While at the Met, Tinterow realized that ‘the most valuable commodity in the New York art world is not money, it is not art, it is is museum real estate. There is a lot of money, there was a lot of art. There wasn’t a lot of museum space. And that’s not just for New York. Museums elsewhere may not be hemmed in among the skyscrapers, but they are still limited. “Museums must exercise good judgment in what they are willing to accept so that all museums themselves are not overloaded with objects that they do not intend or need to exhibit, and that the objects themselves do not fall in the dark. “
Darling sees his service as a this can be useful not only for collectors and museums, but also for dealers and artists. Dealers, he said, “are often approached by collectors who wish to donate a piece and ask the gallery to make these calls on their behalf. It can be a lot of work, and it can really strain the relationship these dealers have with museums. When it comes to artists, Darling has heard artists and fields cling to a lot of work and think about where they would like it to go.

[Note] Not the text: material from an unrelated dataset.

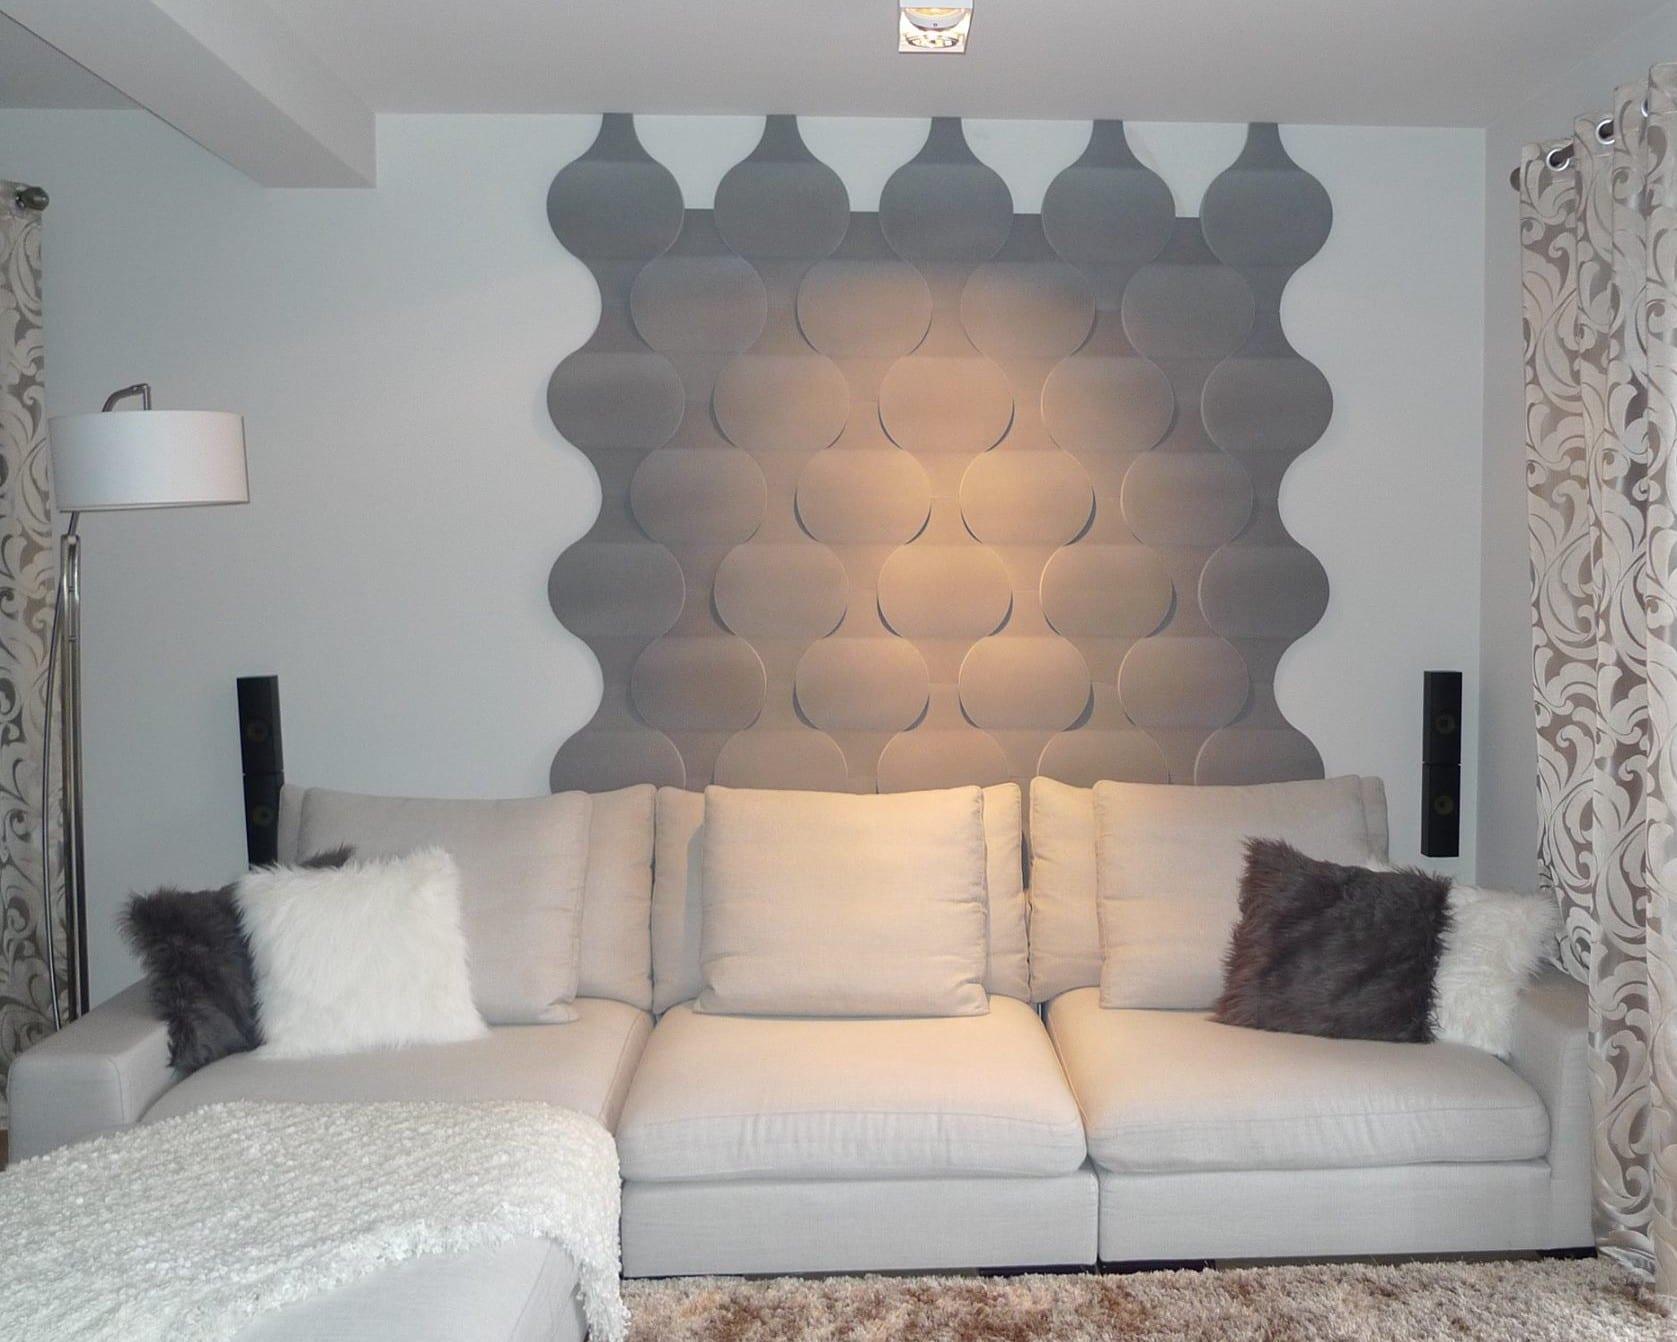 kreative wohnideen fr kleines wohnzimmer und moderne

The future of Museum Exchange seems to be to expand both what they offer and who they offer it to. “I’m thrilled to see how he’s growing up,” Shotick said. “Right now they offer a lot of contemporary art. I can’t wait to see if they’ll include more historical works that will open the doors even more. “
Darling has such plans in store. “We can imagine expanding into other types of material that would mirror the departments of an encyclopedic museum,” he said. In the shorter term, he makes his business more than a museum exchange by reaching out to a network of other non-profit institutions, such as libraries, hospitals and universities, which could also be interested in receiving art. In this way, he said, for a given work of art, “if we tackle museums, we have other options to look at.”